I know that the Price equation proves that under some circunstances real ultimate altruism can occur but, is this the kind of altruism we see in humans?… As you say human cooperation is related to altruism but it is much more than altruism alone.

I have another doubt: does multilevel selection have into account the groups of groups? What I am trying to say is, are there only three levels of selection or there exists an arbitrary number of levels for selection to occur?

Peter Richerson

Perhaps the best work on the proximal side of altruism is that of Daniel Batson. Batson did a series of experiments in which he tried to rule out increasingly subtle egoistic rewards. His typical setup involved sham fellow participants who were scheduled to receive a painful but not dangerous shock.

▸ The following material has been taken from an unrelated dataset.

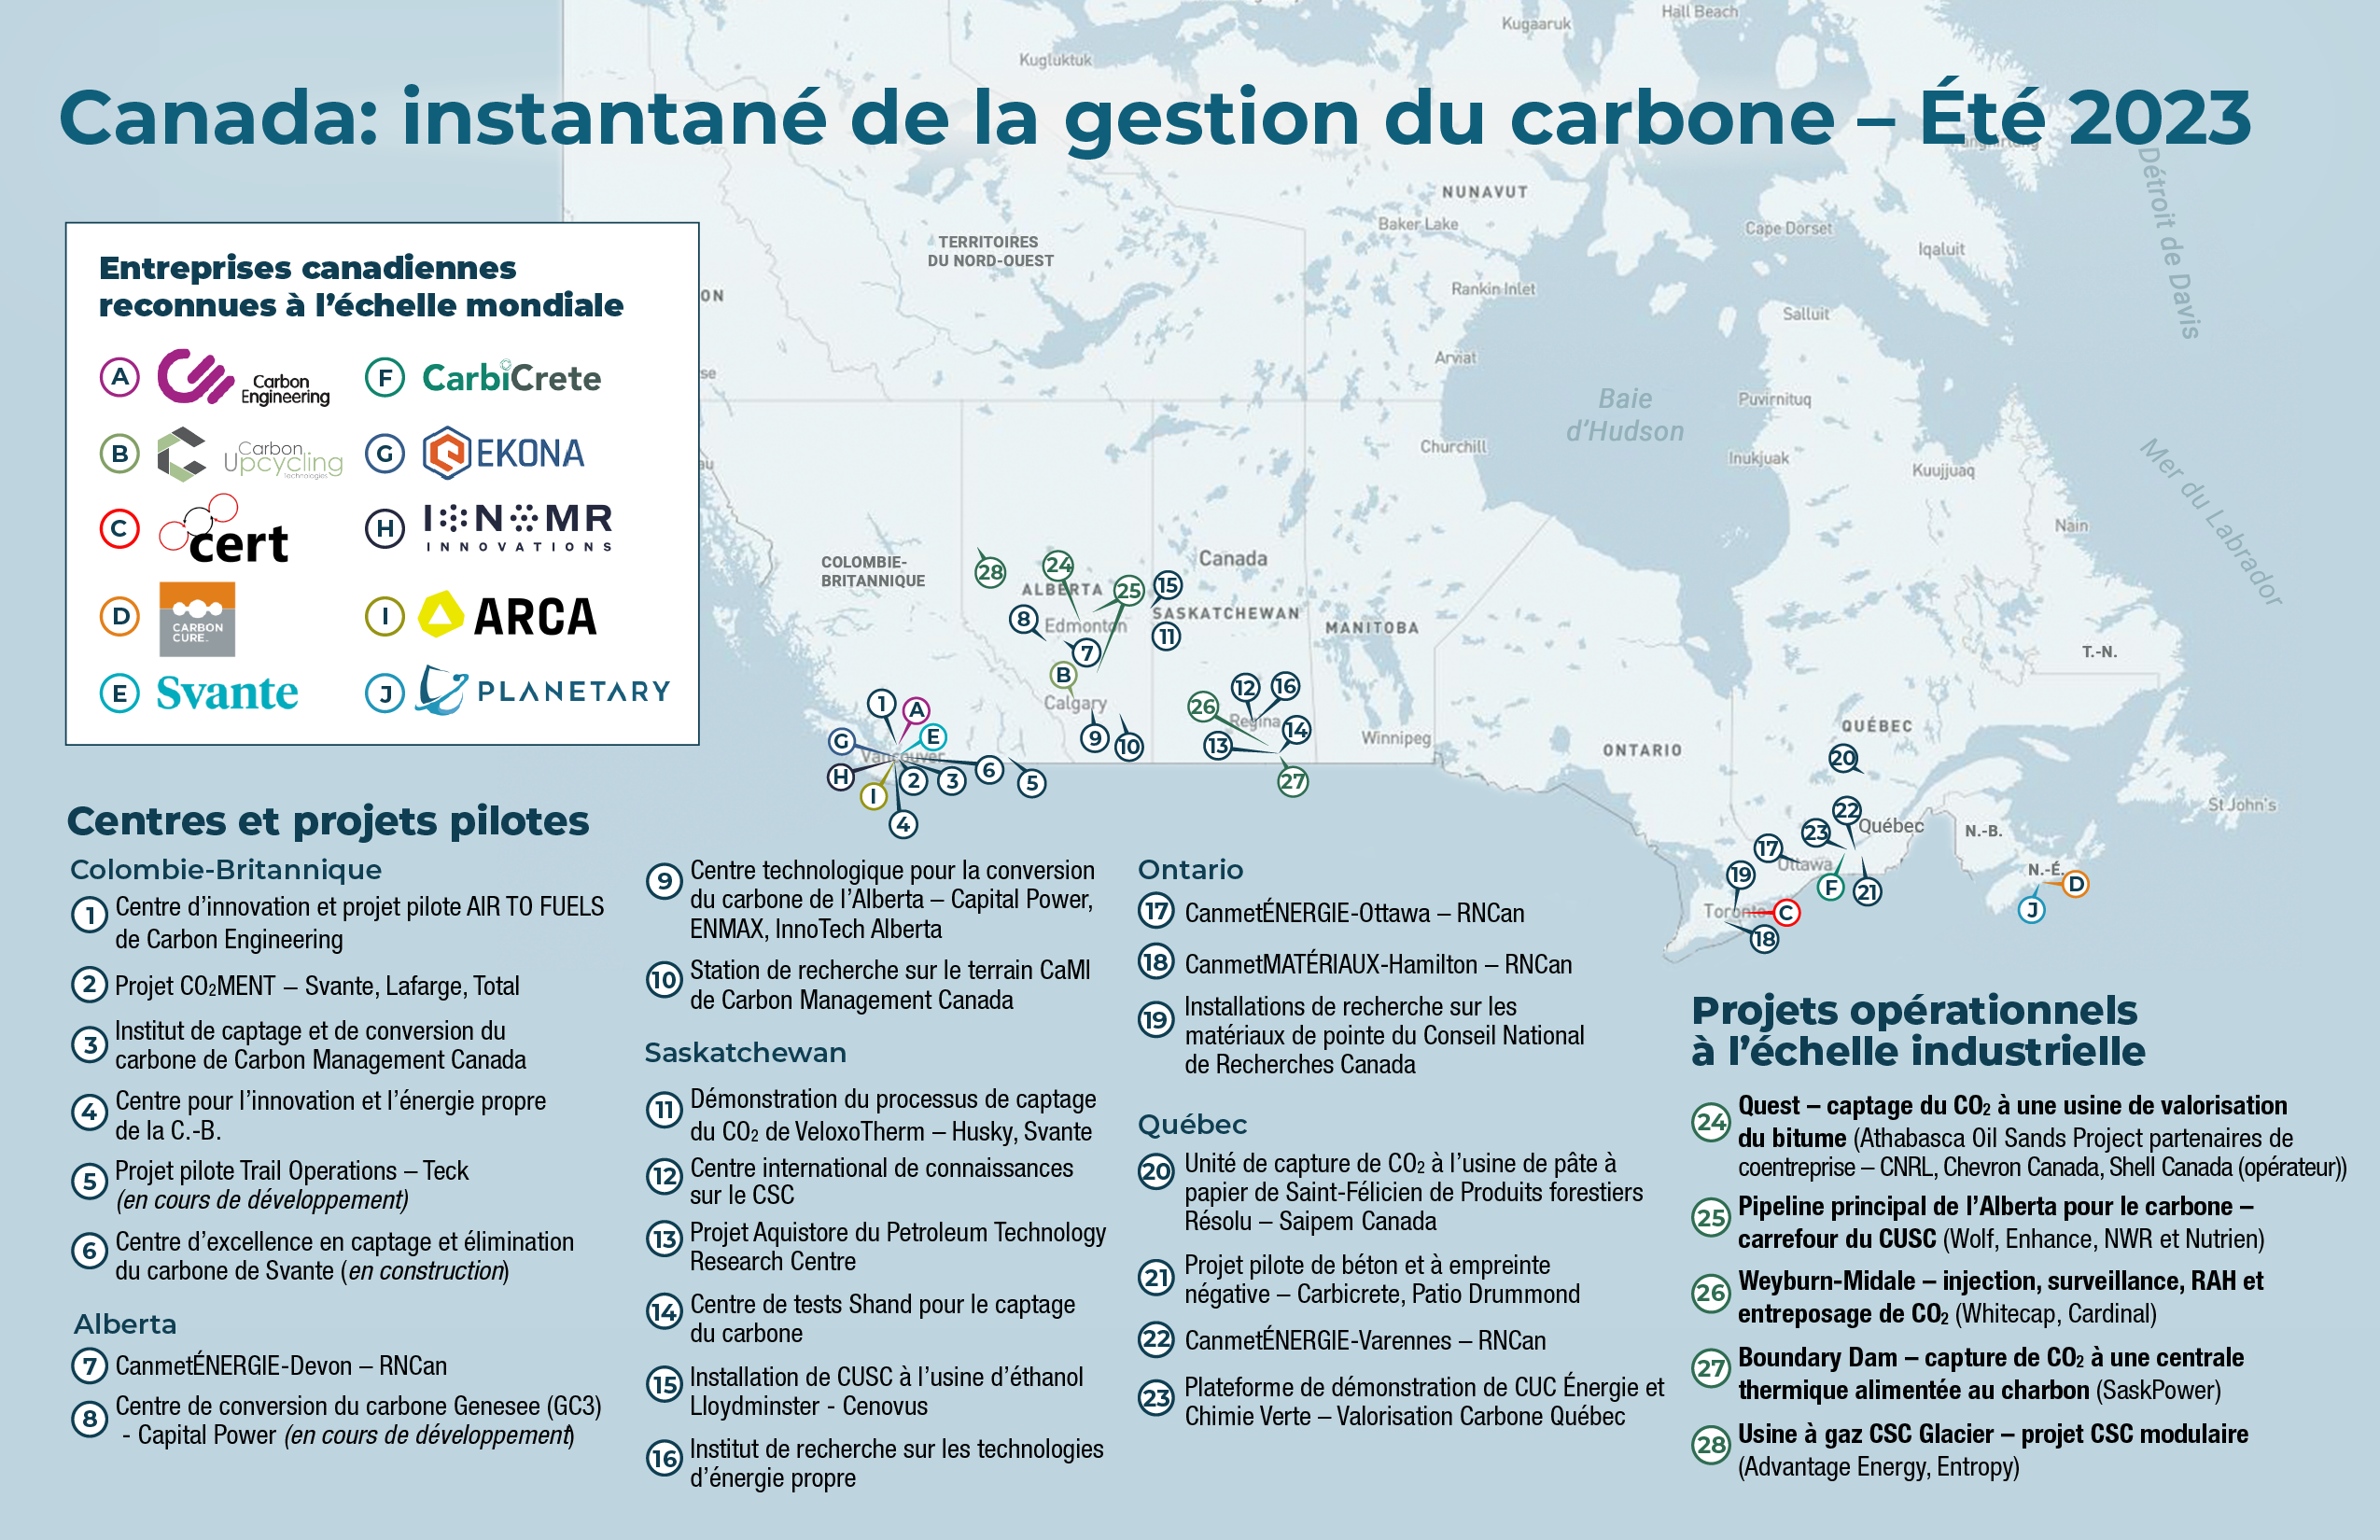 Aperçu de la carte du Canada (dernière mise à jour à l’été 2023) qui montre l’emplacement des centres de gestion du carbone, les projets pilote, les projets commerciaux en activité et les sociétés canadiennes de gestion du carbone reconnues mondialement.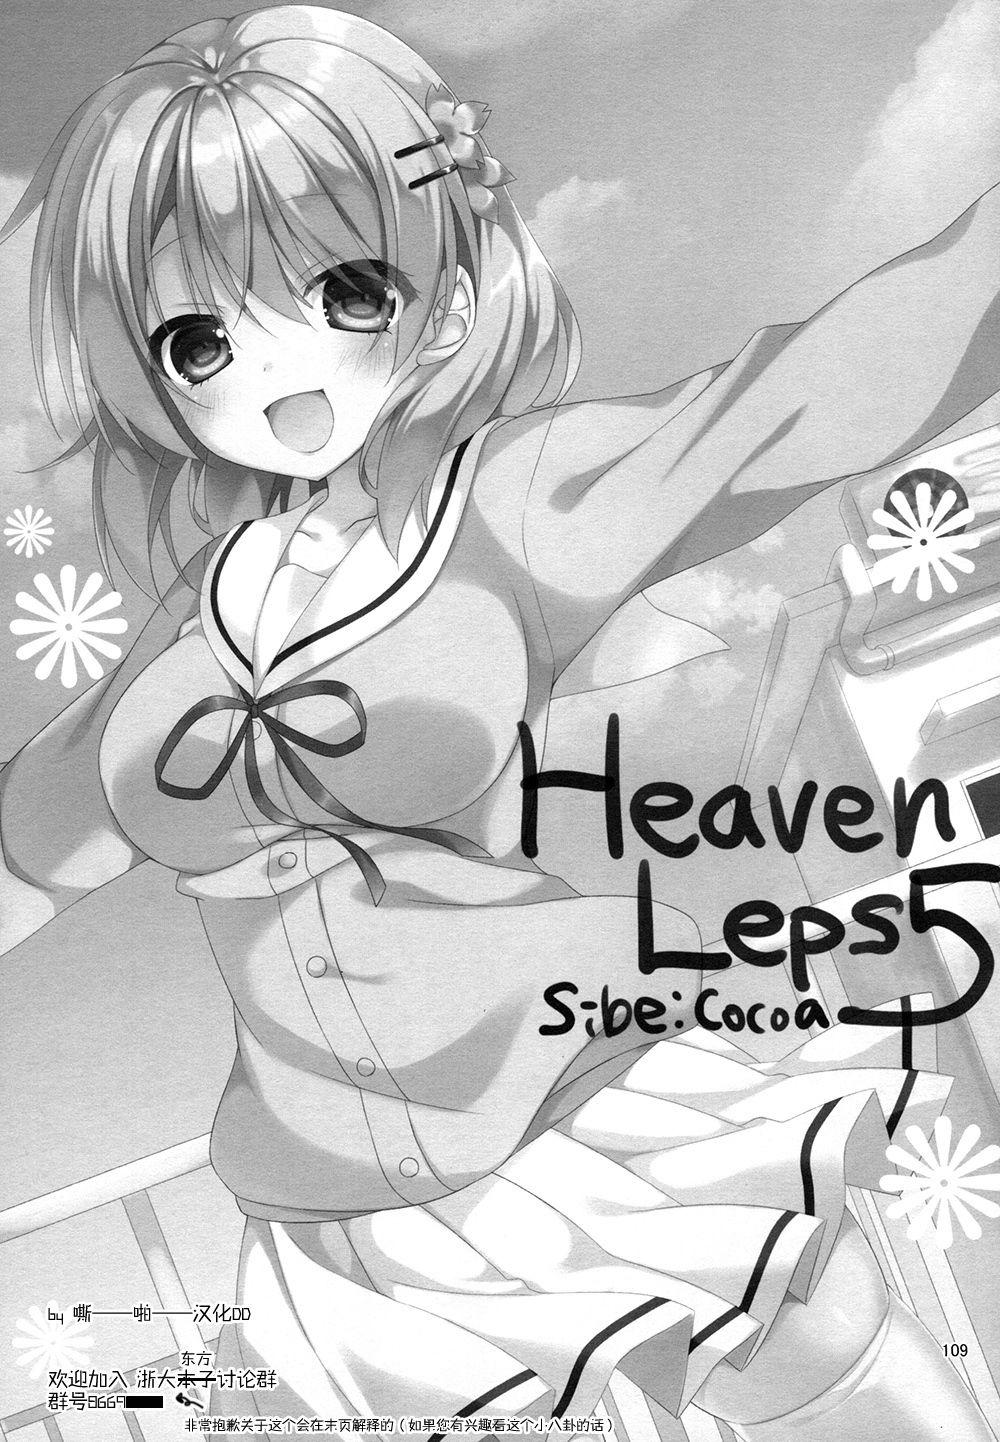 Heaven Lepus5 Side:Cocoa 1

But the sham participant informs the experimenter that she is very sensitive to shocks. The experimenter then offers the real participant an opportunity to take the shock in her place. Under an empathy treatment especially, many real participants did volunteer. In one experiment, some volunteer participants were allowed to help, but some were not and “saw” the sham participant get “shocked.” In still a third treatment, volunteers did not get to help because another “volunteer” helped first. All participants were questioned afterward about their feeling during the experiment. The participants who felt worst on average were those who saw the person getting “shocked.” The people who felt best were those who volunteered to help, but who didn’t have to help because someone else did. Batson argued that at least some people help out of a sense of duty, not because they are going to give themselves a mental pat on the back for helping. If the later were the case the frustrated helpers should be less happy than those who got to help. You see a lot of this in combat soldiers’ stories. it is a dirty job and they’d sooner someone else do it. But if there is no one else to do it, they’ll do it.

At the same time, I agree with Peter. It is the real costs and benefits of acts that are most important not the proximate motivations. A showoff who thoroughly enjoys helping other for reputation and glory may be taking real risks and producing real benefits for others. Higher level selection may not see any difference between the glory hog and the quiet, grimly dutiful person.